Try it
Only the pictures are dropped; the lines of the material that follow are returned exactly.
━━━━━ Exercise data ━━━━━
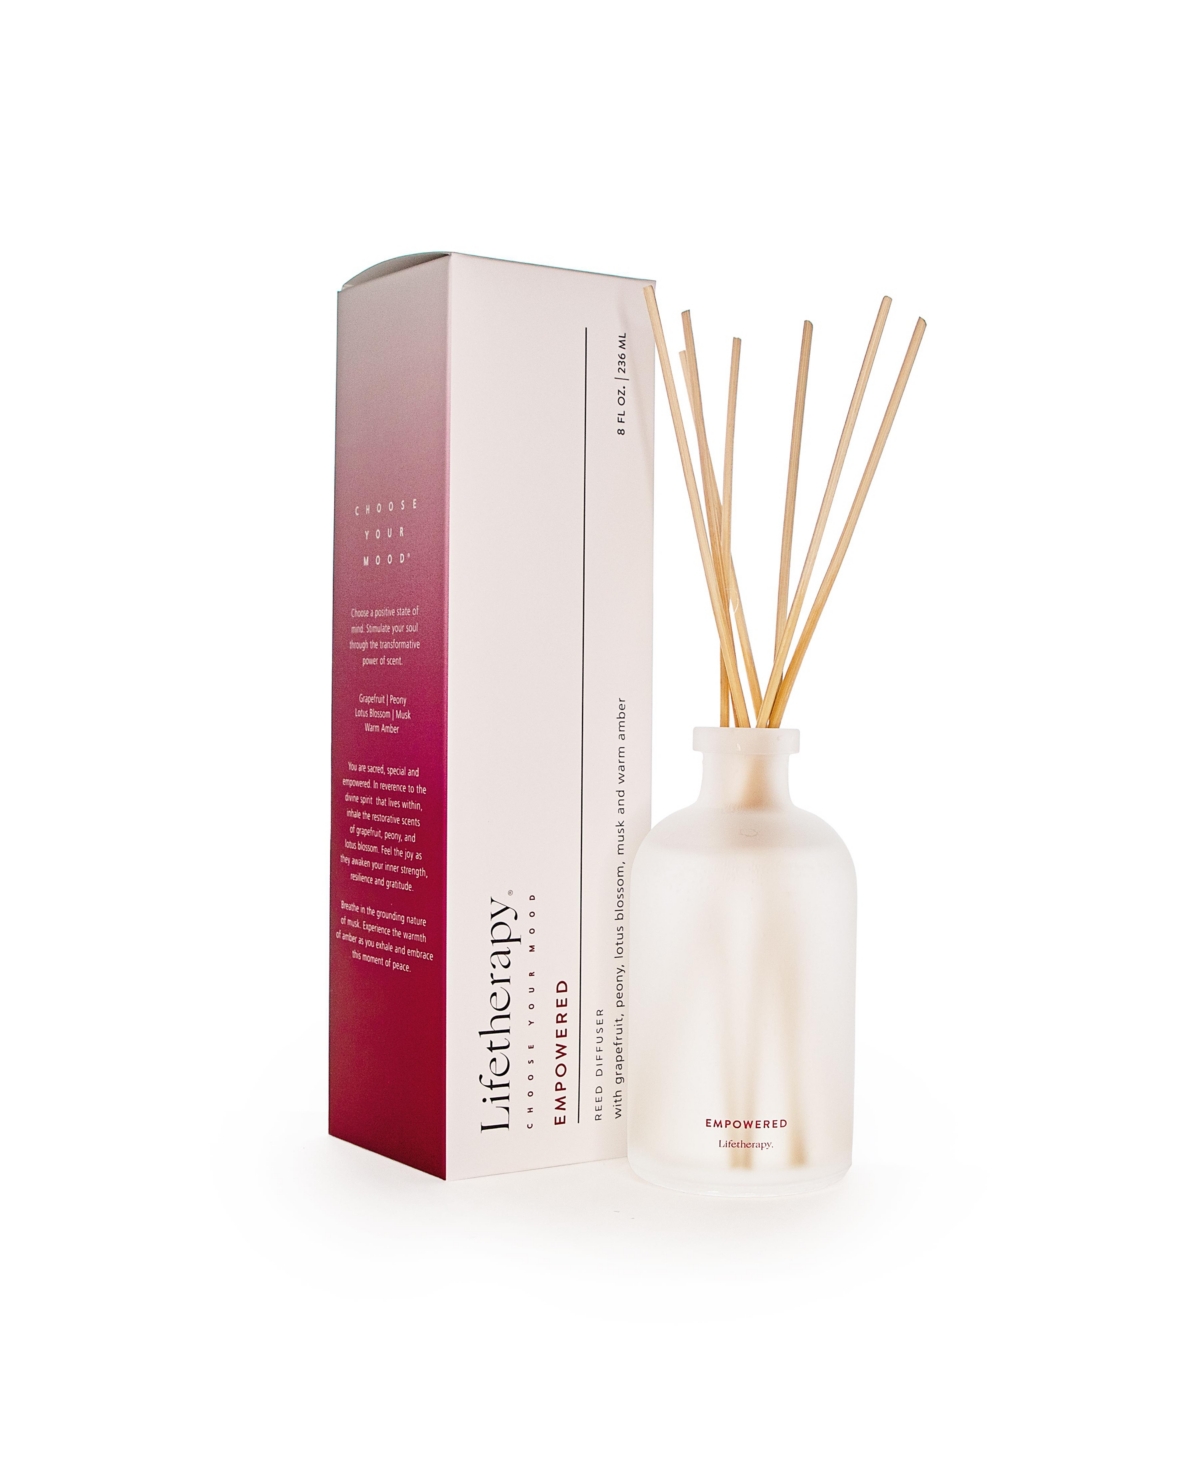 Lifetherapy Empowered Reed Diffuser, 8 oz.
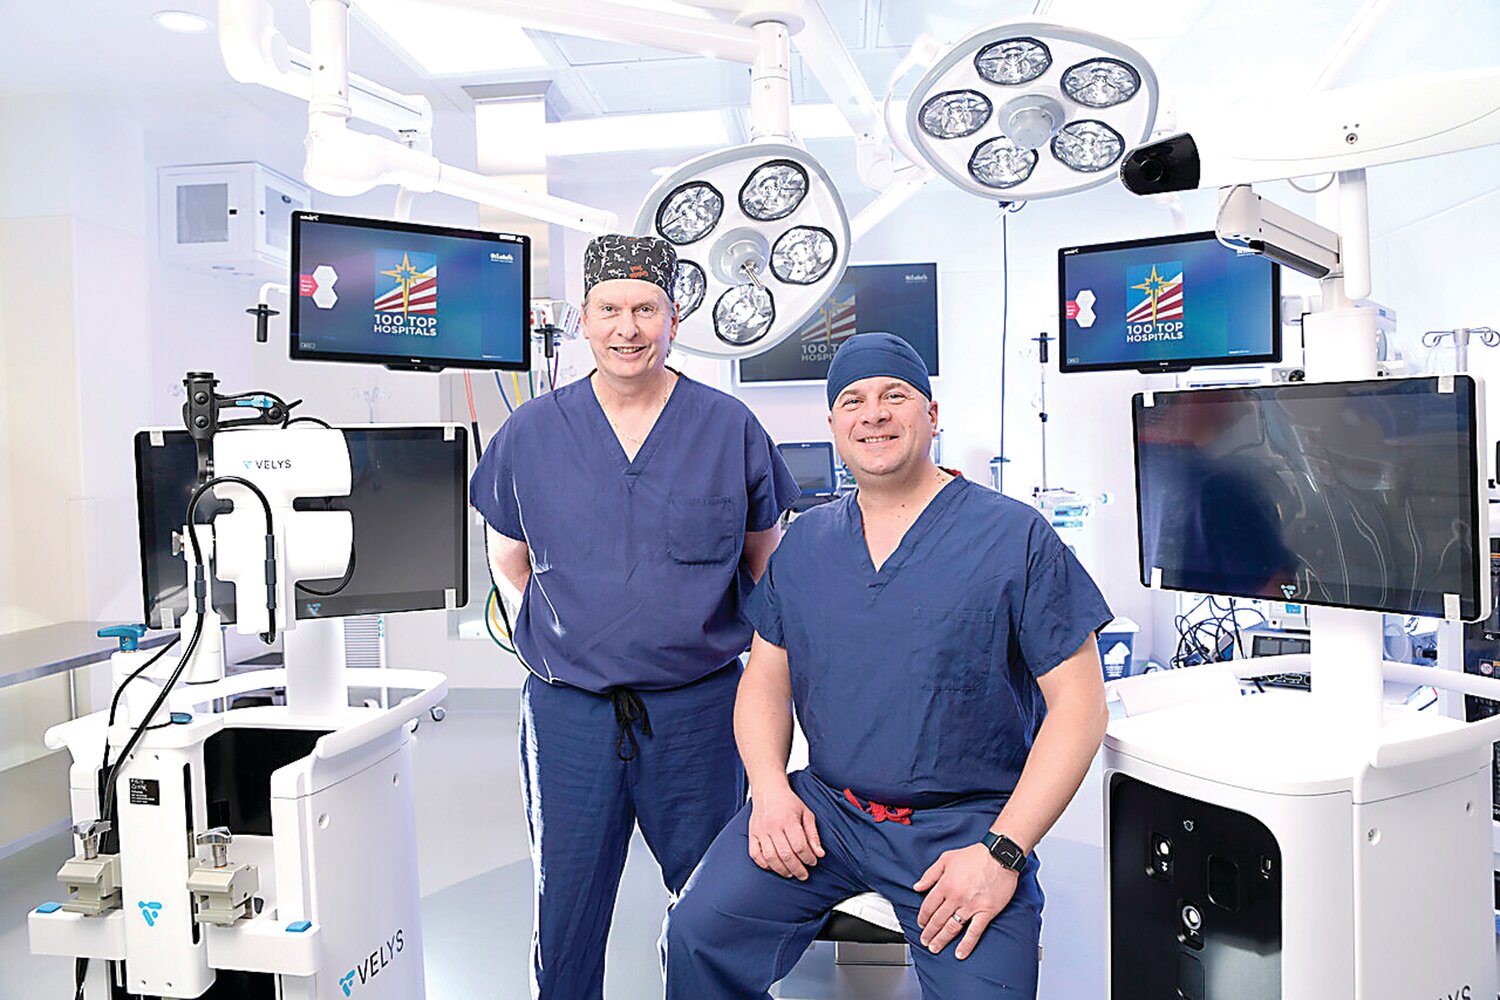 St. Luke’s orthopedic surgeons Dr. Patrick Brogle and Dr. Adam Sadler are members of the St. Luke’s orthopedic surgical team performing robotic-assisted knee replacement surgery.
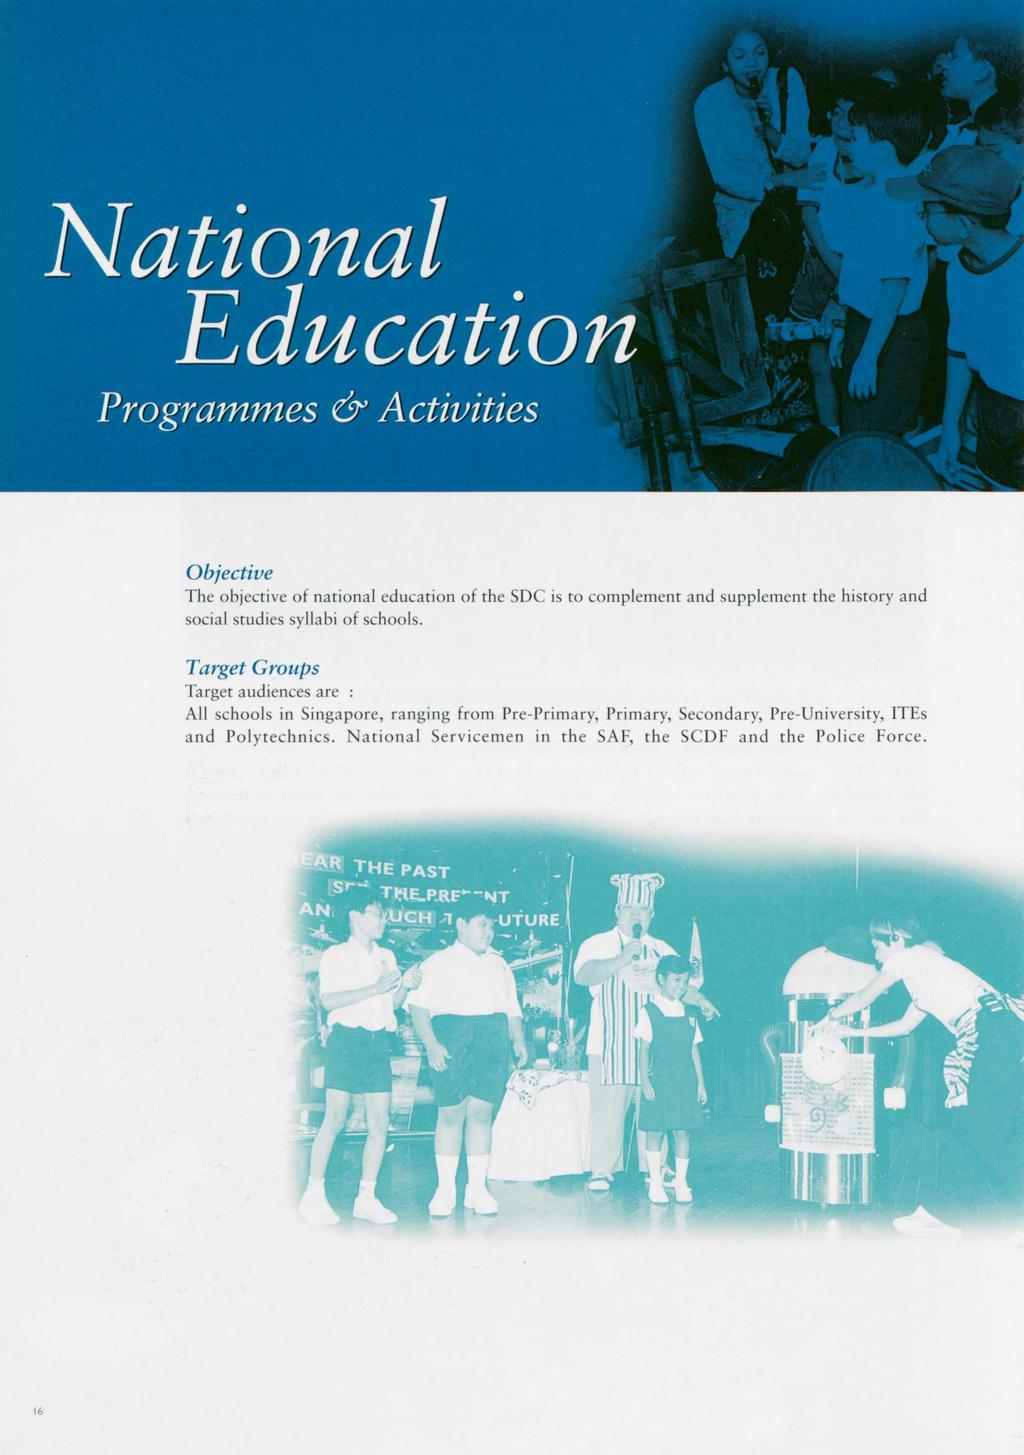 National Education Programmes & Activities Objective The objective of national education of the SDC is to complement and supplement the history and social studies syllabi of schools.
━━━━━
Solution to the problem
 Lifetherapy Empowered Reed Diffuser, 8 oz.
 St. Luke’s orthopedic surgeons Dr. Patrick Brogle and Dr. Adam Sadler are members of the St. Luke’s orthopedic surgical team performing robotic-assisted knee replacement surgery.
 National Education Programmes & Activities Objective The objective of national education of the SDC is to complement and supplement the history and social studies syllabi of schools.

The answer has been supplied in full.